Russian journalist Aleksandr Minkin speaks of the cultural stranglehold of the war on post-Soviet society with wonderful simplicity: ‘The victory in the Great Patriotic War is for everyone (both for the government and the people) the only available foundation on which their heart can rest.’ All the remainder is ‘a litany of terrible catastrophes, cruelty, famine, disintegration’, but in the defeat of Fascism the nation finds true joy. Perhaps most crucially, Gudkov tells us, the Great Patriotic War in Russia has become the ‘surrogate for culture – the field of meaning, in which the most important themes and scenarios of the present day are played out’. The war is central to any form of cultural and historical meaning-making. In other words, it remains the measure of most things. But when the war is ‘the surrogate of culture’, cultural values become defined almost entirely through the prism of ‘the highly strung, ecstatic situation’ and so we get, not necessarily in this order, ‘heroism, self-sacrifice, national mission, the quest for redemption’ and the persistent idea of Russia’s special destiny in the world. (These ideas work just as well within the template of religion; unsurprisingly, religion is everywhere in the post-Soviet world.) When the extraordinary is deemed to be of highest value, the ordinary becomes not only diminished or despised, it becomes a corrupting, alien force. And so we end up with a whole nation of people who do not quite know how to be civilians, people who, in the words of Aleksievich, ‘have lost the ability to distinguish war from peace, survival from life’. She writes, ‘We either fought in the war or were preparing for the war. We never lived any other way.’
10
A TRAIN PLATFORM SOMEWHERE
Under dictatorship everyone is scared of the question and under democracy – of the answer.

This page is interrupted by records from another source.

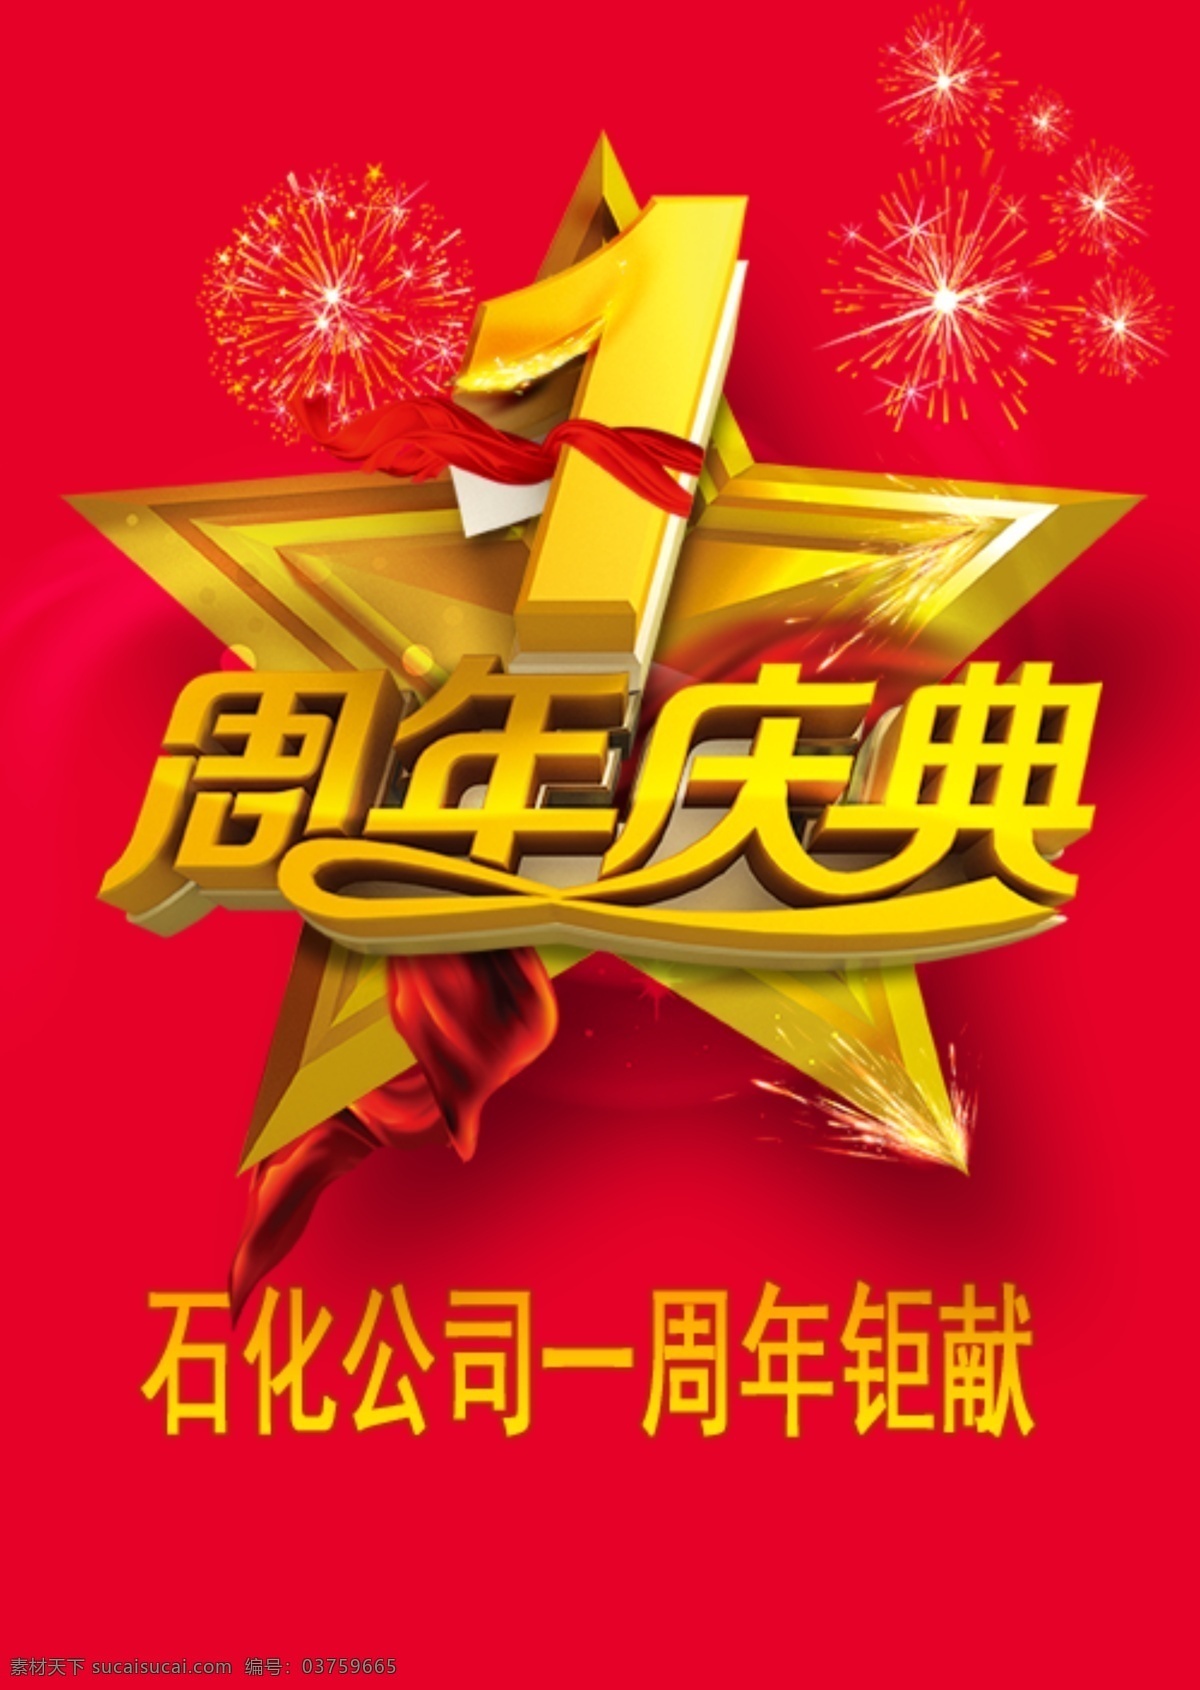 石化公司 中国石化 海报 周年庆 1周年庆 红色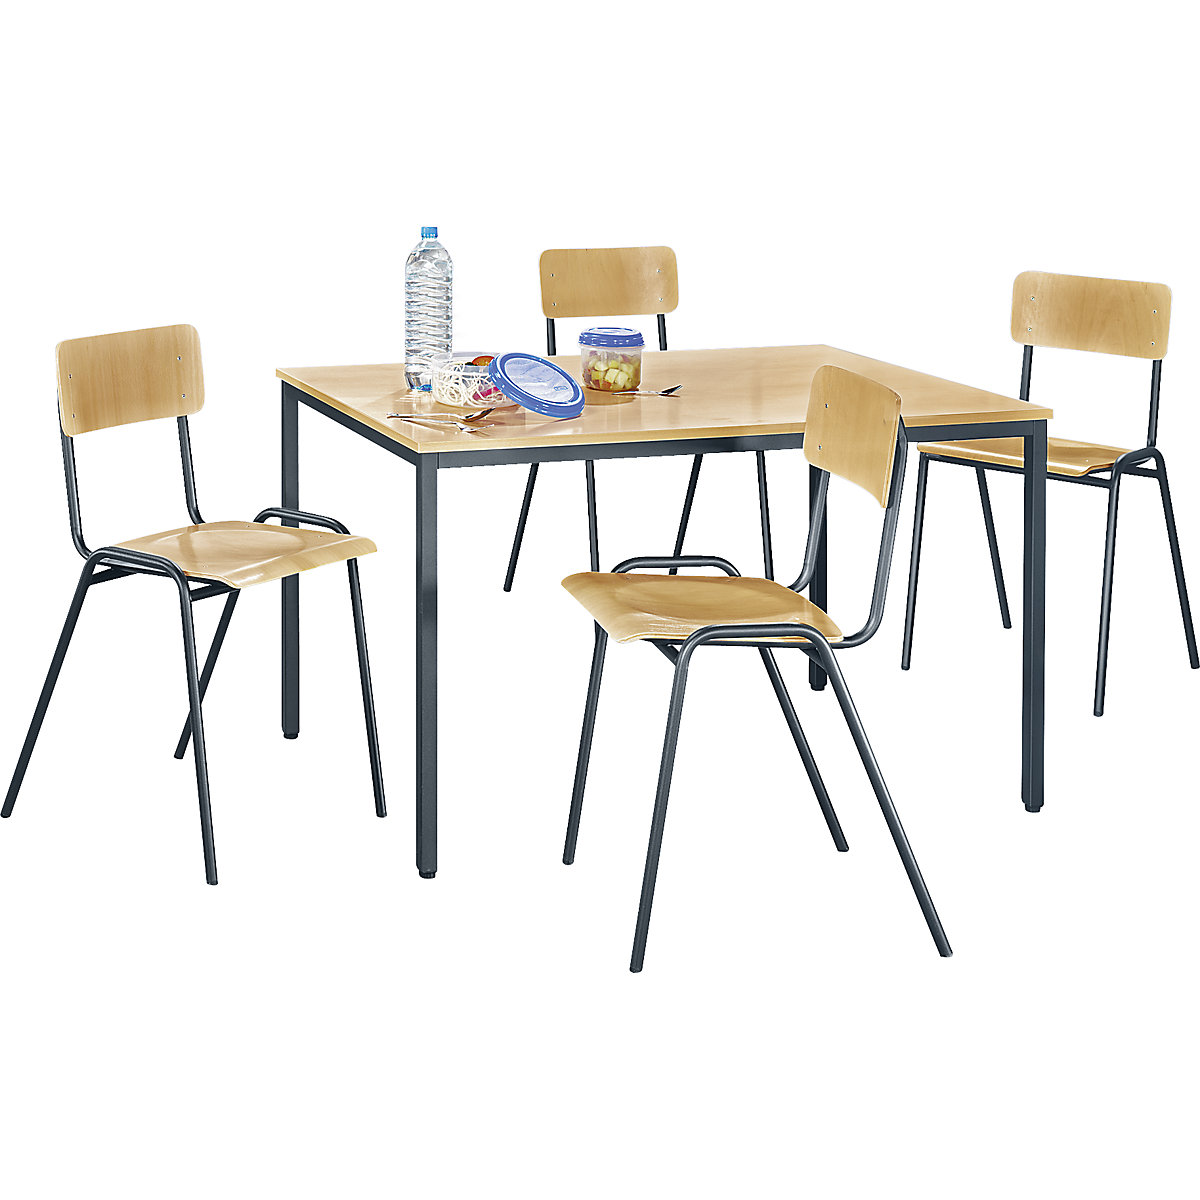 EUROKRAFTbasic – Uniwersalny zestaw mebli do siedzenia, 1 stół, 4 krzesła, blat: imit. buku, szkielet bazaltowo-szary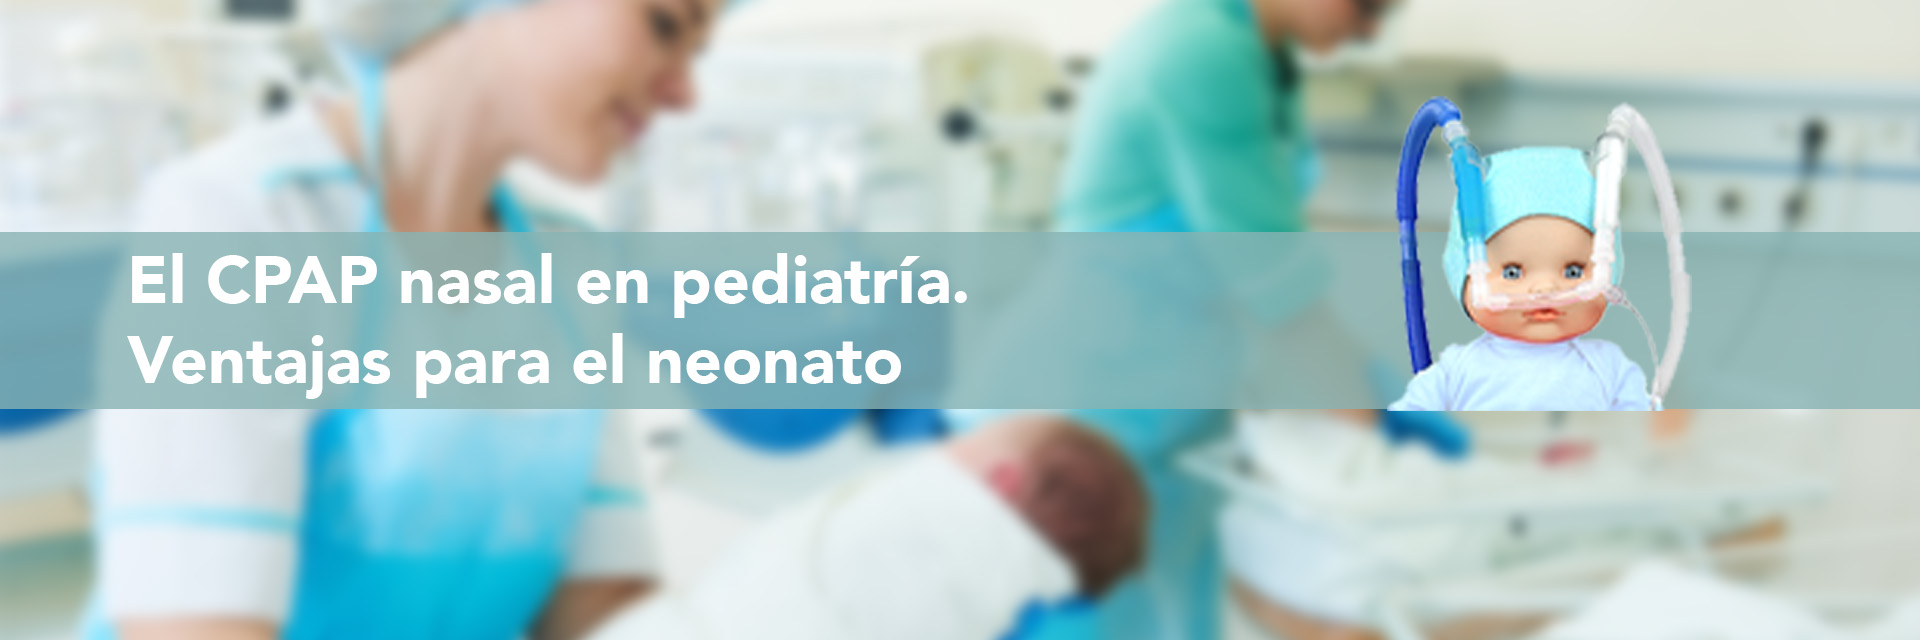 El CPAP nasal en pediatría, ventajas para el neonato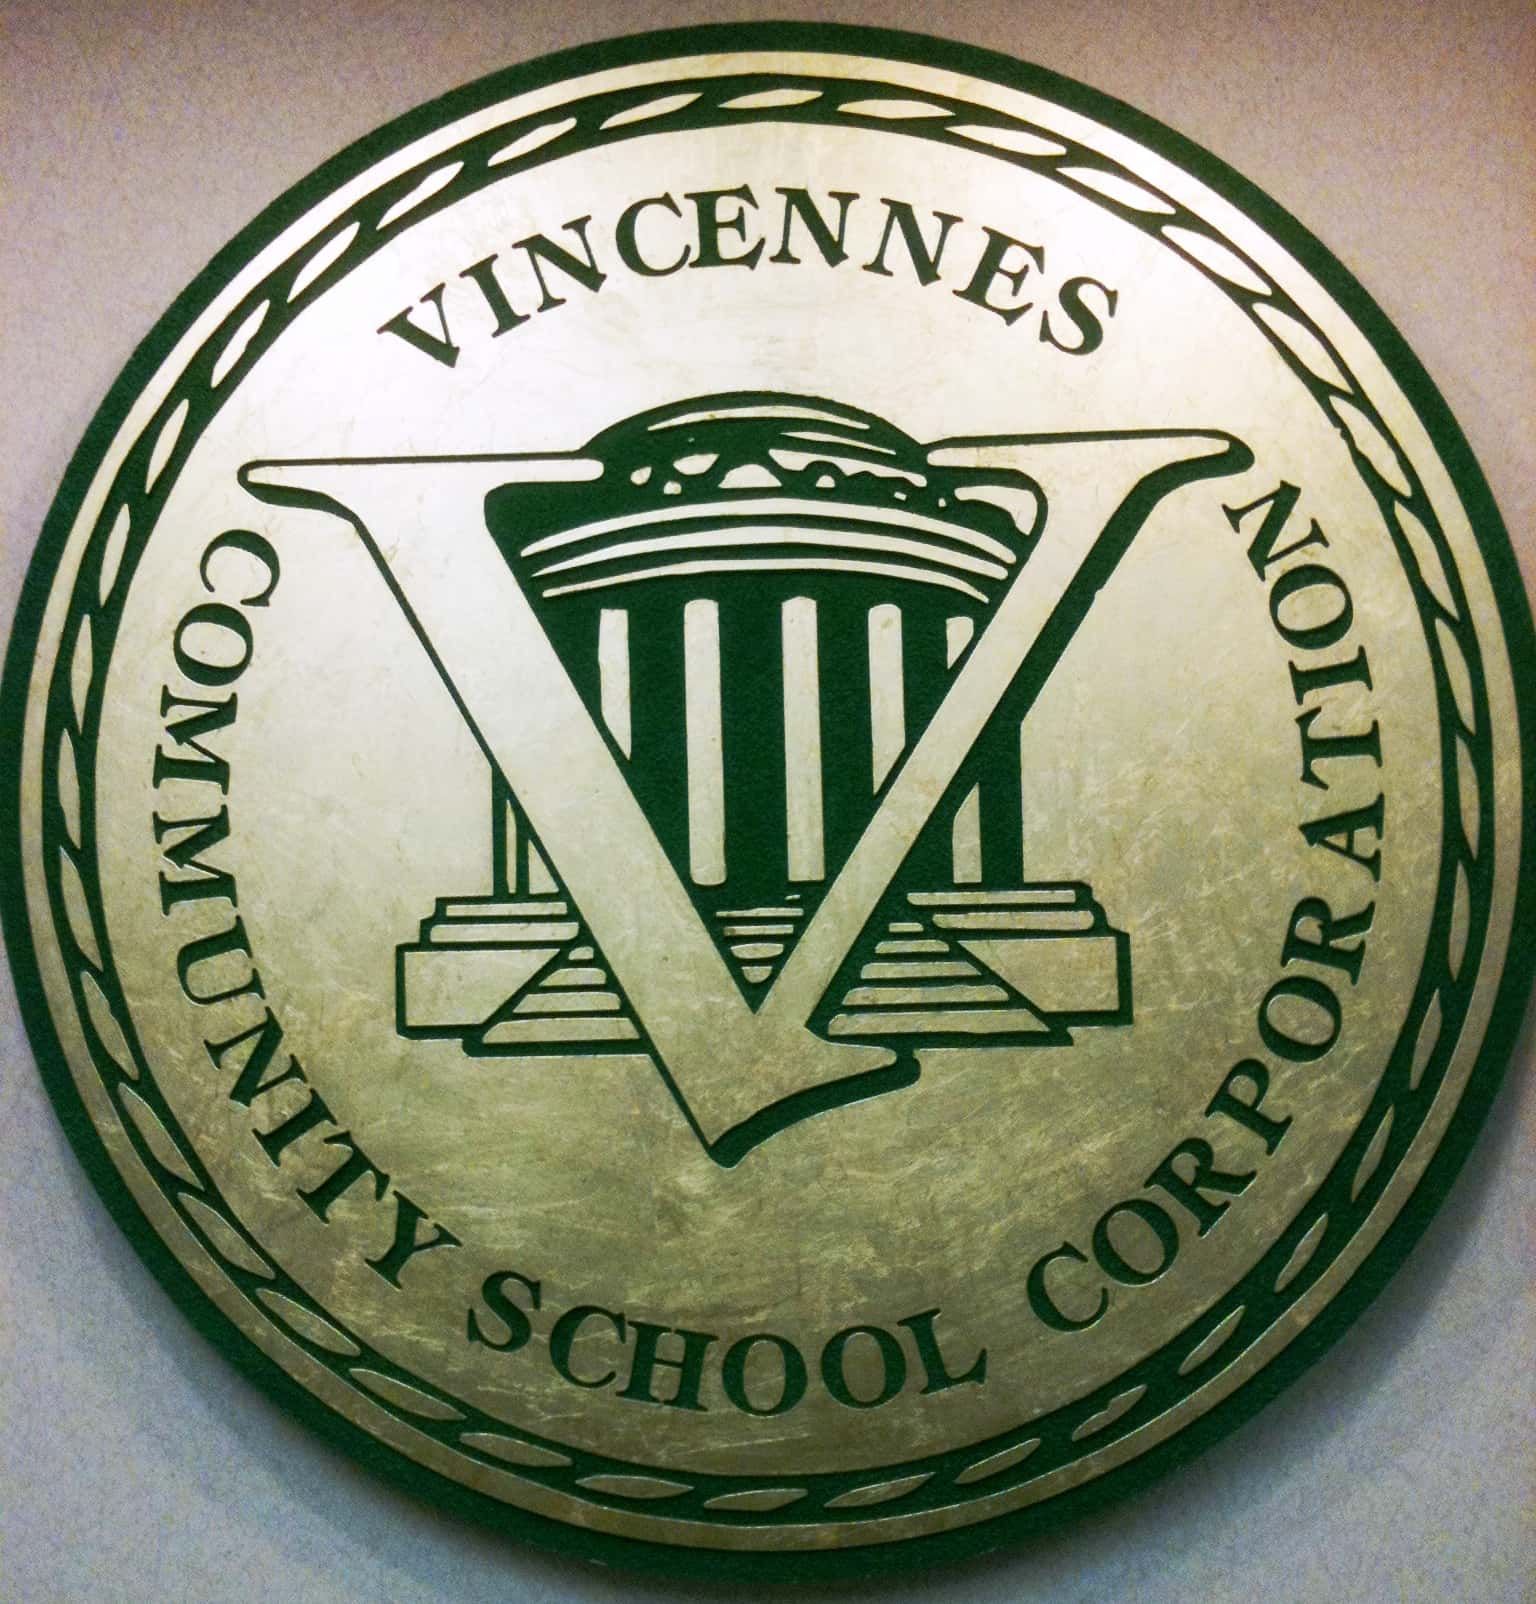 vcsc-vincennes-vcsc-2-jpg-192

Under dictatorship there is more ballet and humour, under democracy – more travel and robberies.
As to the large-scale animal fear – just as much in both cases.
Under dictatorship you can be knocked out from the top, under democracy – from the bottom…
So while our freedom does differ from dictatorship, the difference is not so stark as to be clear to a little-educated person such as, say, a writer or a military officer.